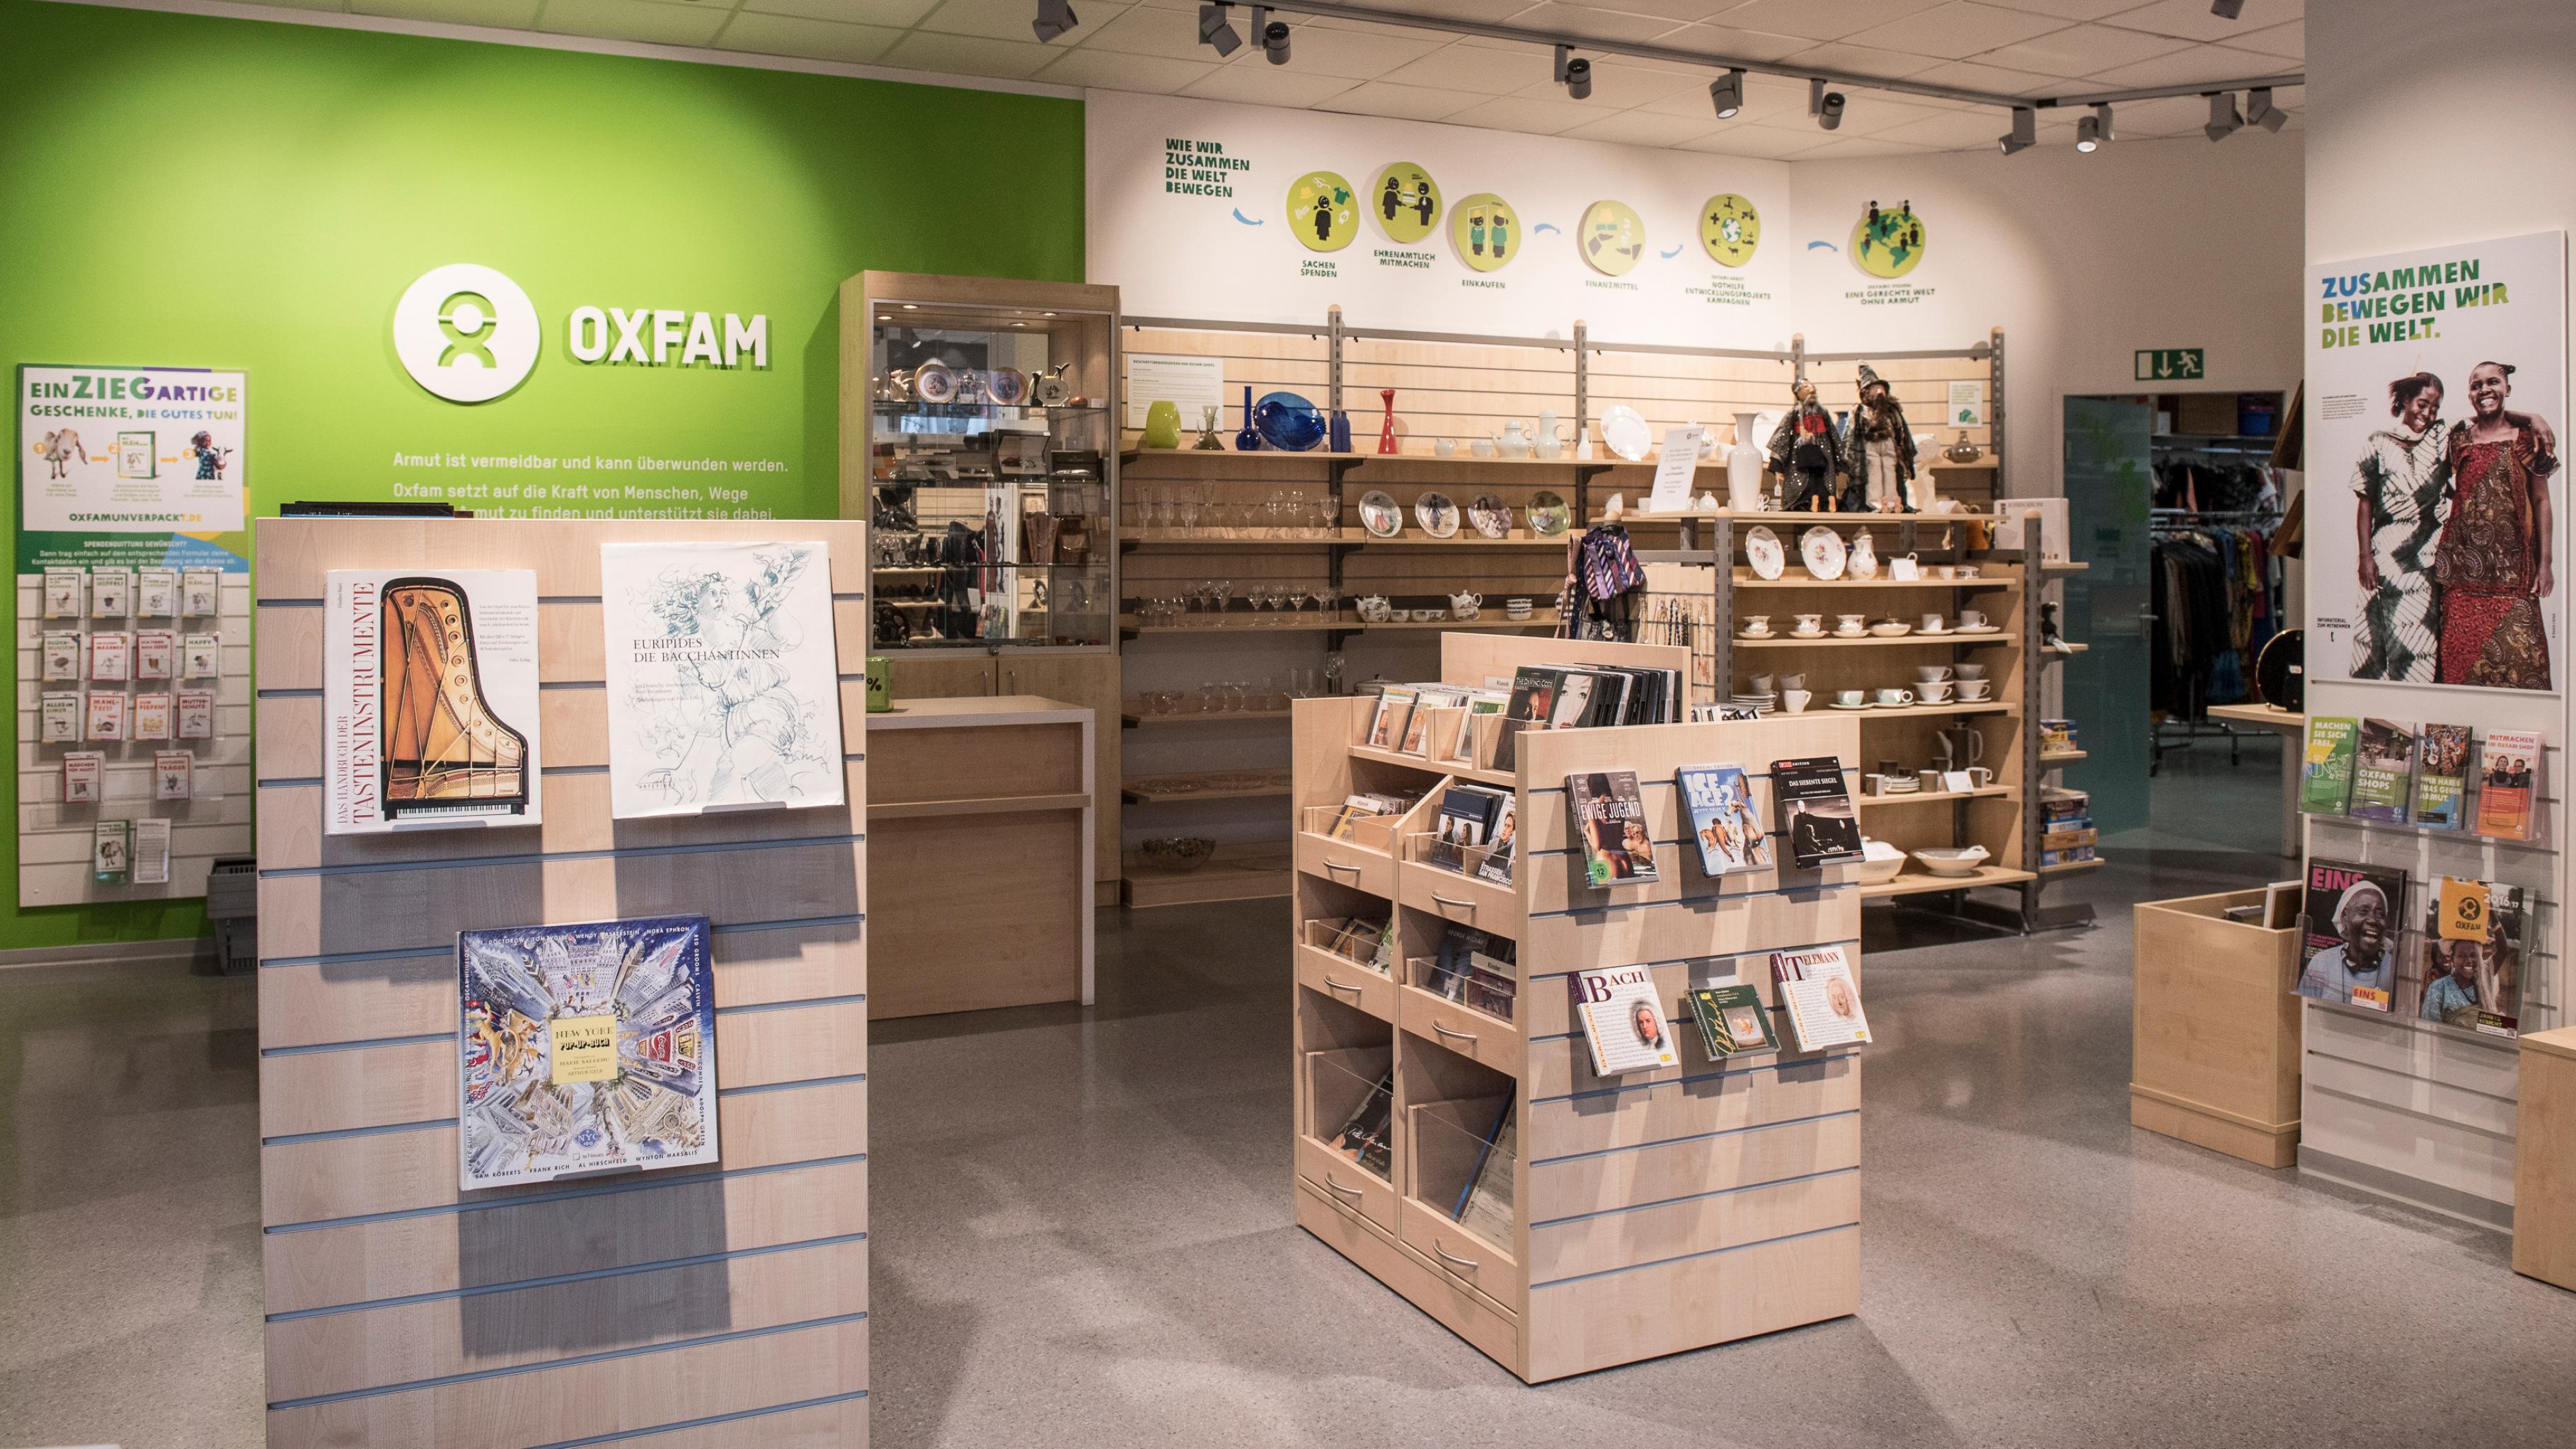 Oxfam Shop Nürnberg 2018 - Innenansicht
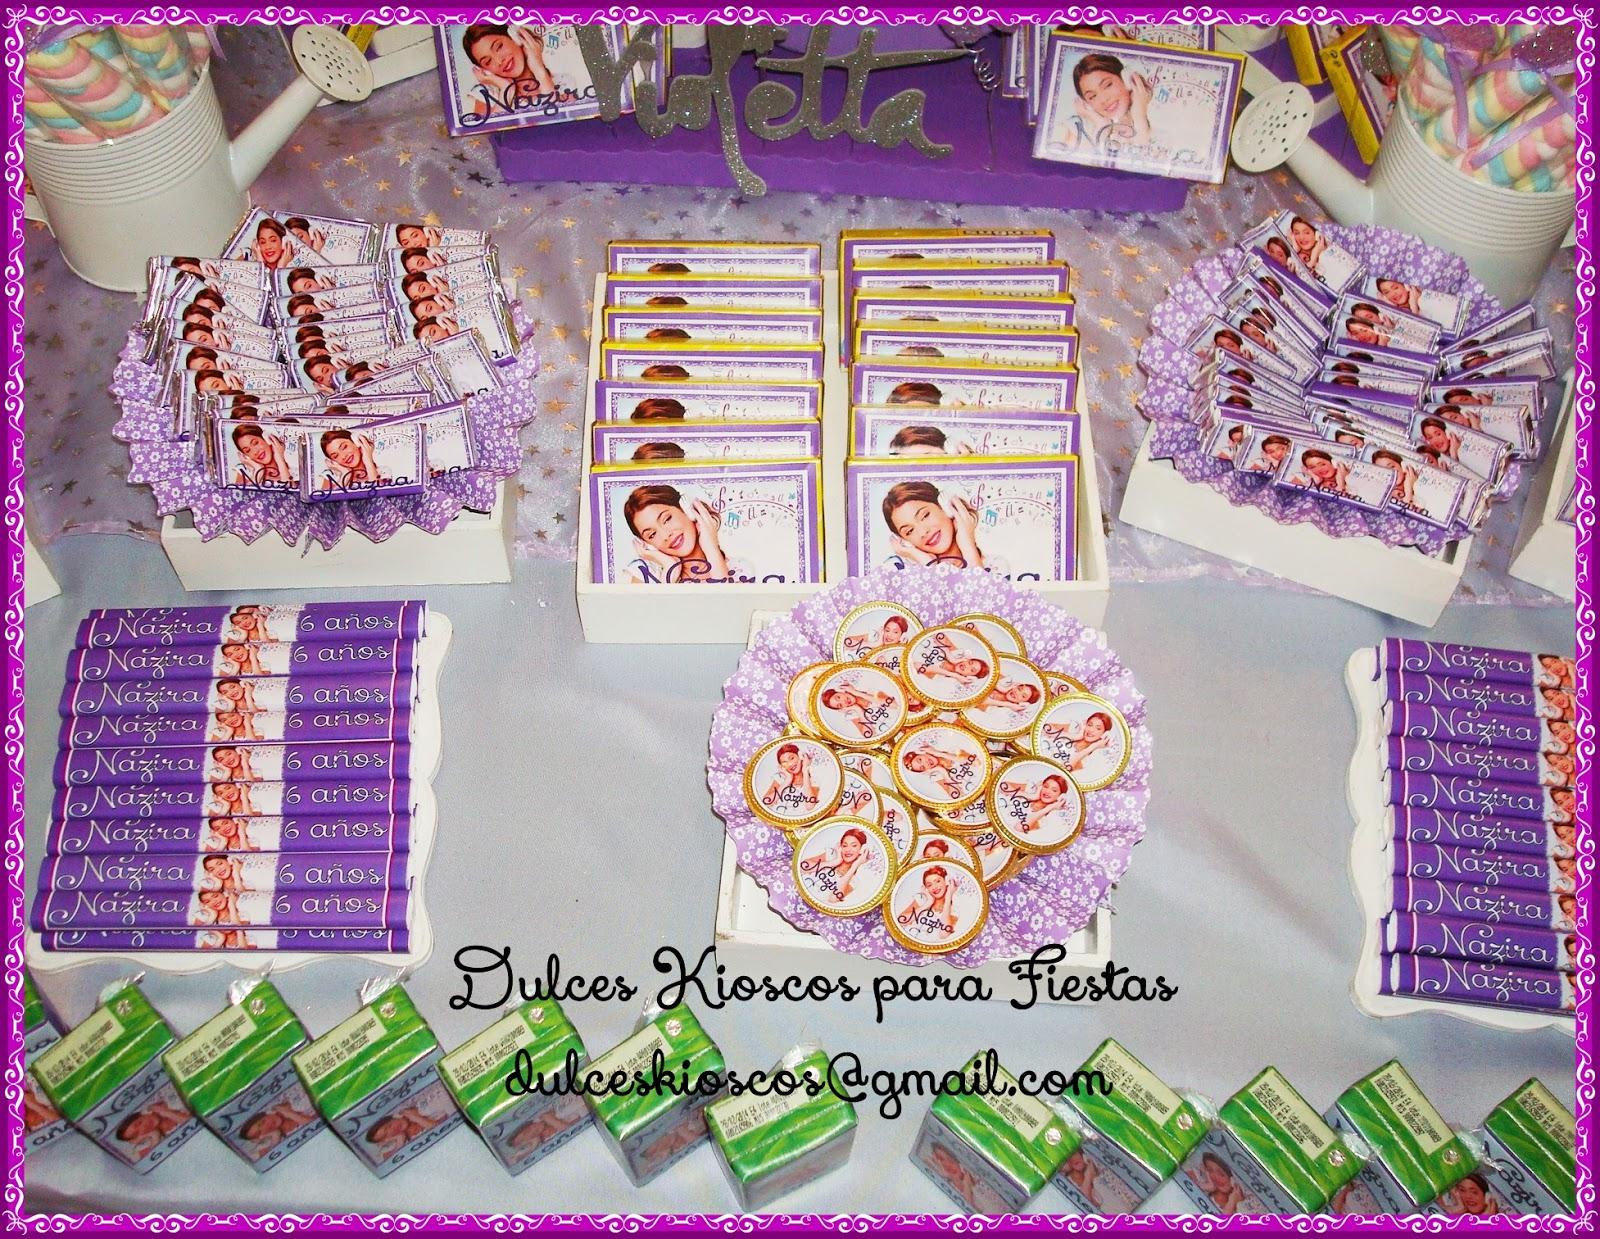 Decoracion Kiosco Golosinas ~ 25 De Violetta Un Super Kiosco Tem&225tico Lleno Golosinas
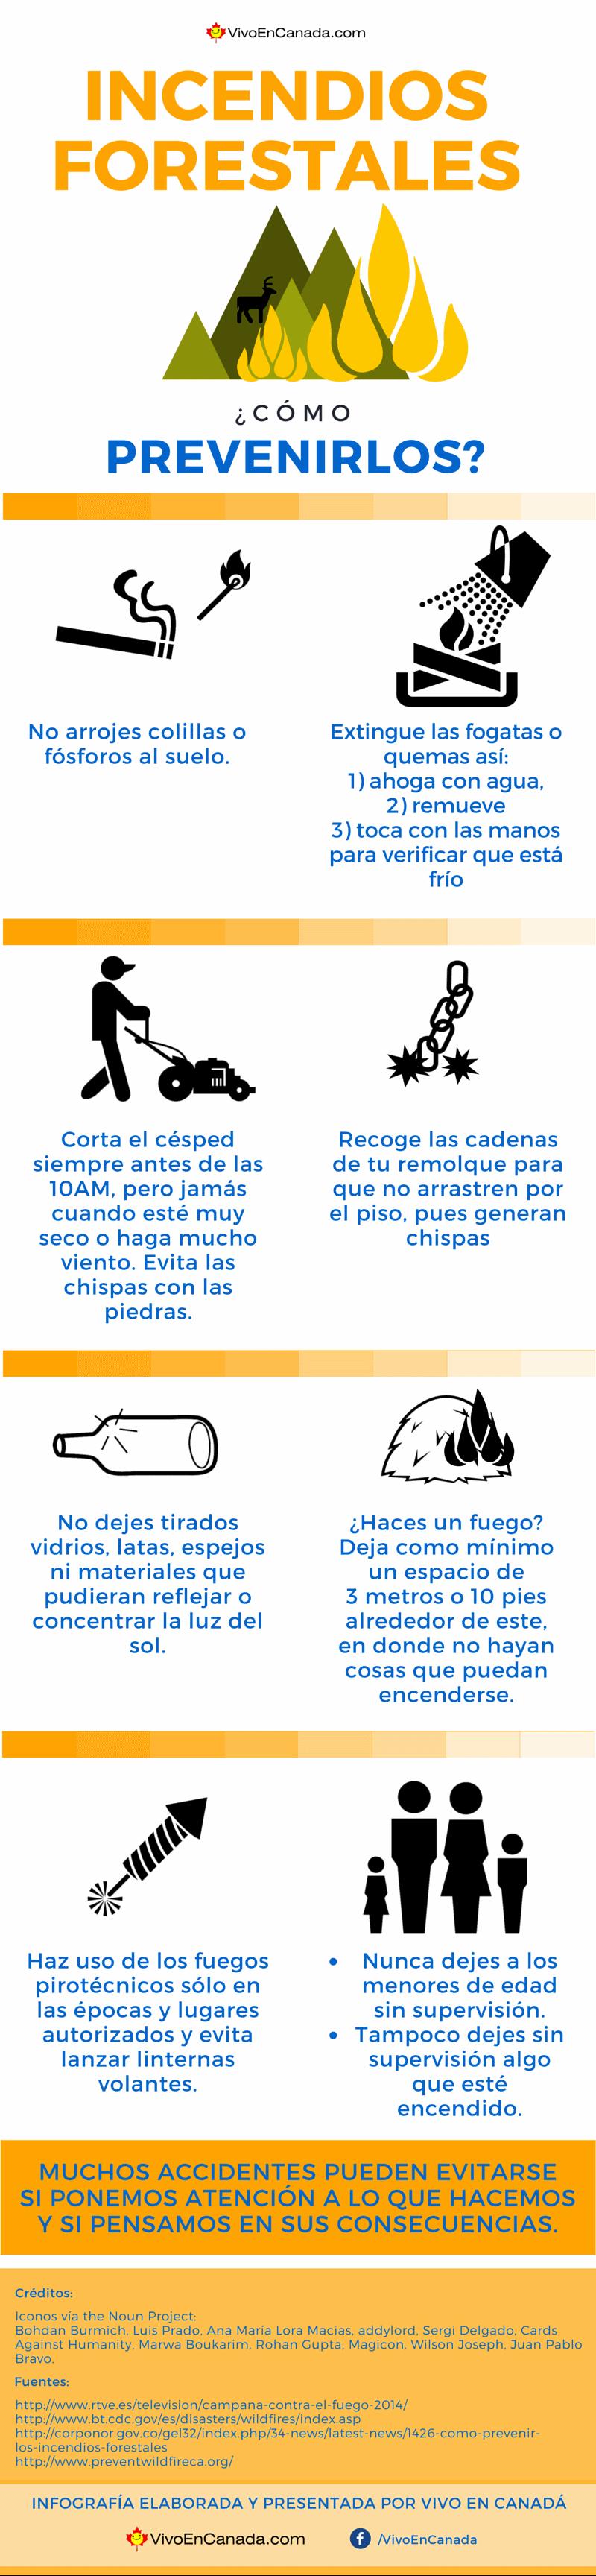 previene-Incendios-forestales-infografia

===

* _PROBLEM TO WORK ON_
Repeat the data word for word, minus any pictures.

* _REPLY_
 Oxfam Shop Nürnberg 2018 - Innenansicht
 Decoracion Kiosco Golosinas ~ 25 De Violetta Un Super Kiosco Tem&225tico Lleno Golosinas
 previene-Incendios-forestales-infografia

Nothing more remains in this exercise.